4. Null and Empty Field Handling

HL7 distinguishes three population states for every field, component, and sub-component:

4.1. Populated (Valued)

The element contains data between delimiters:

|Smith^John|

4.2. Not Populated (Empty)

No characters between consecutive delimiters. The sender has no value to communicate. The receiver makes no inference about the value in its database:

||

4.3. Explicit Null (Delete)

Two consecutive double-quote characters as the ONLY content of a field. This instructs the receiver to DELETE the previously stored value:

|""|

Critical constraint: Using "" for any purpose other than deletion is prohibited by the standard.

Delete indicator length: The deletion indicator "" is treated as having zero length and fits within any length specification.

4.4. Null at Component Level

Explicit null can apply to individual components within a composite field:

|""^John^""^Dr|

This deletes the family name and suffix while preserving given name and prefix.

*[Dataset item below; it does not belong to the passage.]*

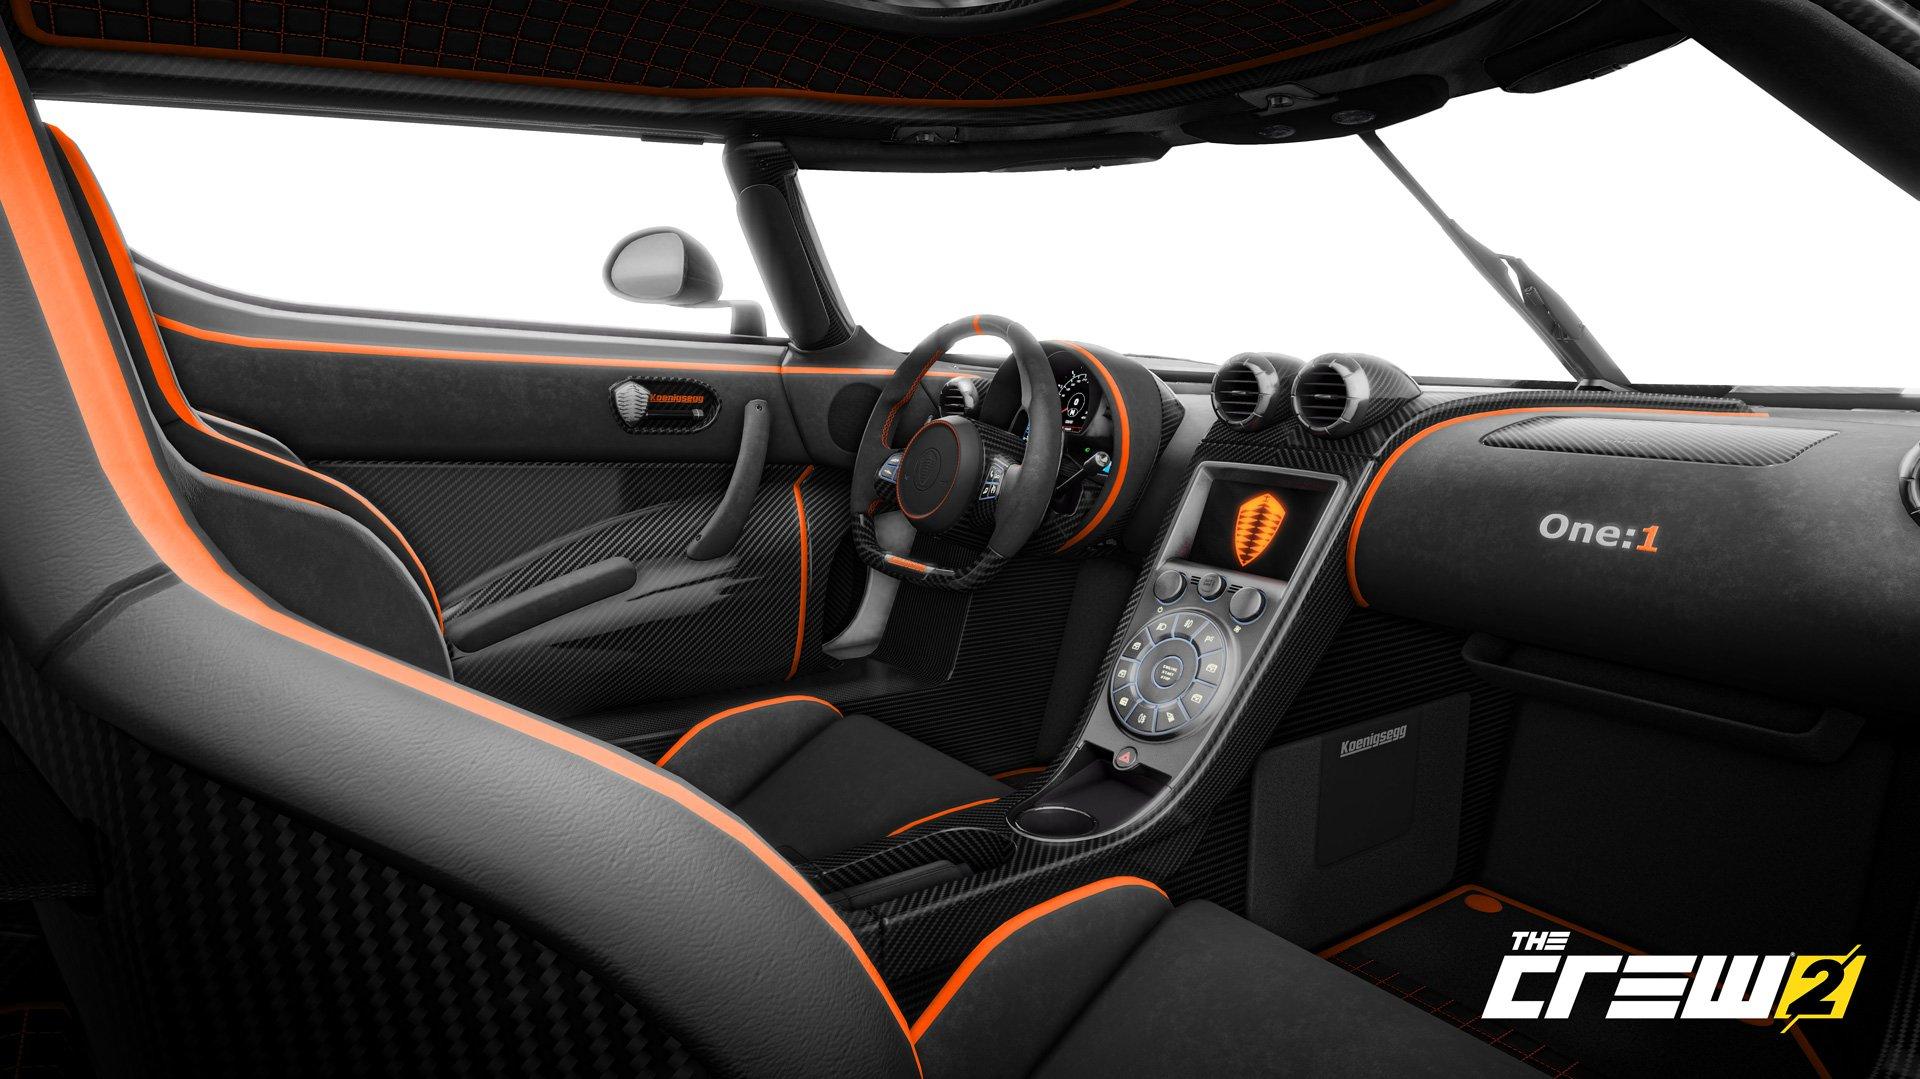 Tc2 Screen Koenigsegg 2 1920x1080 070720 6pm Cest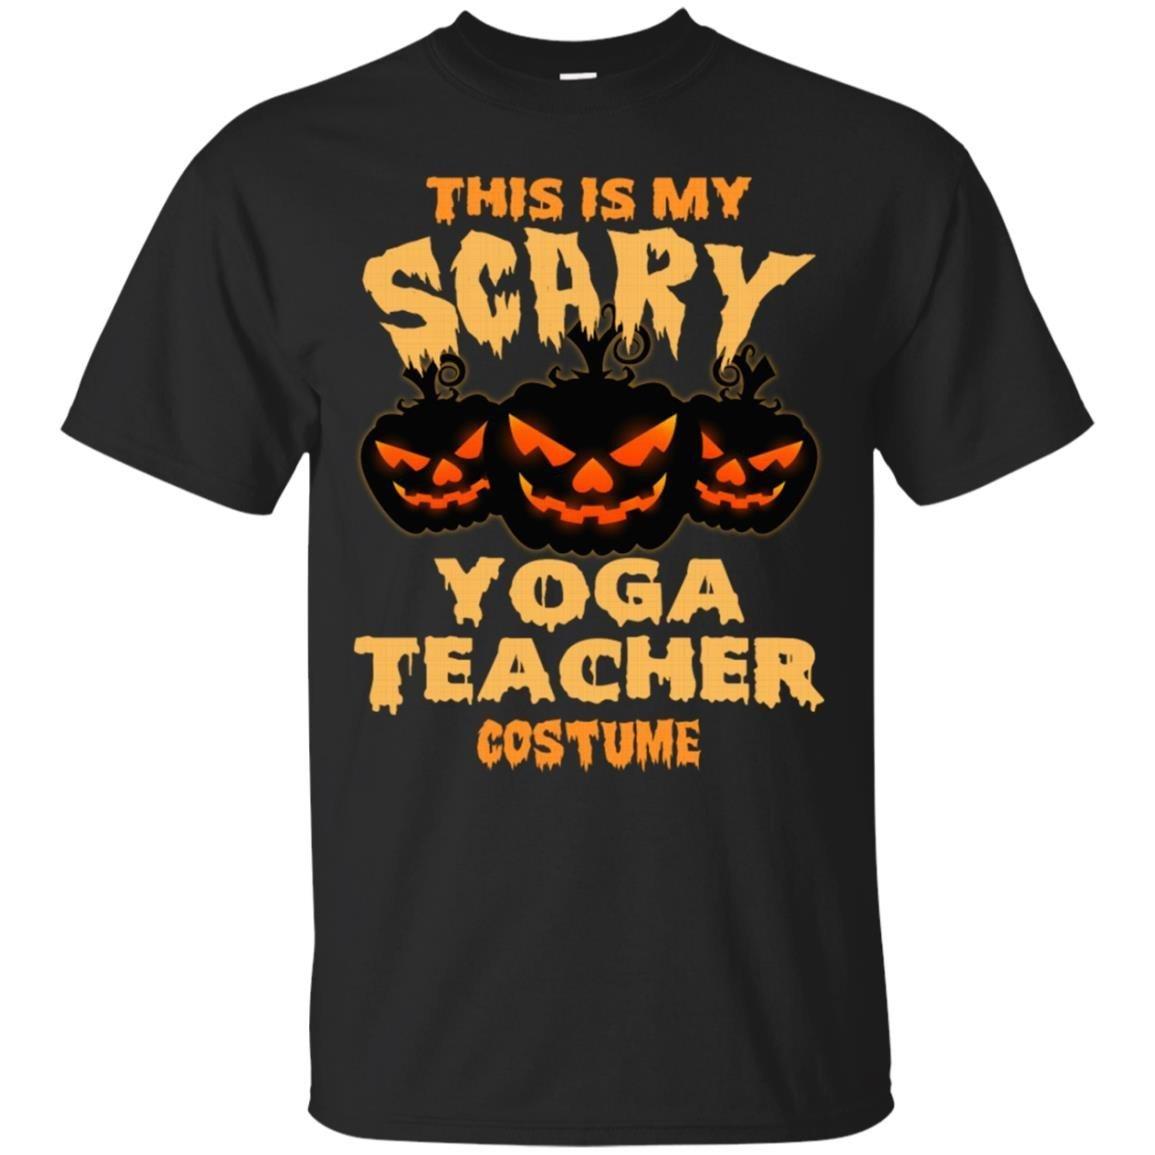 Yoga Teacher This Is My Yoga Teacher Costume T-Shirt Men

4.5. Interaction with Updates

In update transactions (e.g., ADT^A08):

  • Empty field (||): no change to existing value
  • Populated field (|Smith|): replace existing value
  • Explicit null (|""|): delete existing value

5. Escape Sequences

5.1. Structure

An escape sequence begins and ends with the escape character (default \):

\<code><data>\

Where <code> is a single uppercase letter and <data> is zero or more characters.

Nesting is prohibited: No escape sequence may contain another escape sequence.

5.2. Delimiter Escape Sequences

These are valid in ALL text-bearing data types (ST, TX, FT, CF, CWE text components, etc.):

SequenceRepresentsPurpose
\F\Field separator (|)Literal pipe in data
\S\Component separator (^)Literal caret in data
\T\Sub-component separator (&)Literal ampersand in data
\R\Repetition separator (~)Literal tilde in data
\E\Escape character (\)Literal backslash in data
\P\Truncation character (#)Literal hash in data (v2.7+)

Case sensitivity: Escape codes are CASE-SENSITIVE. \F\ is valid; \f\ is not.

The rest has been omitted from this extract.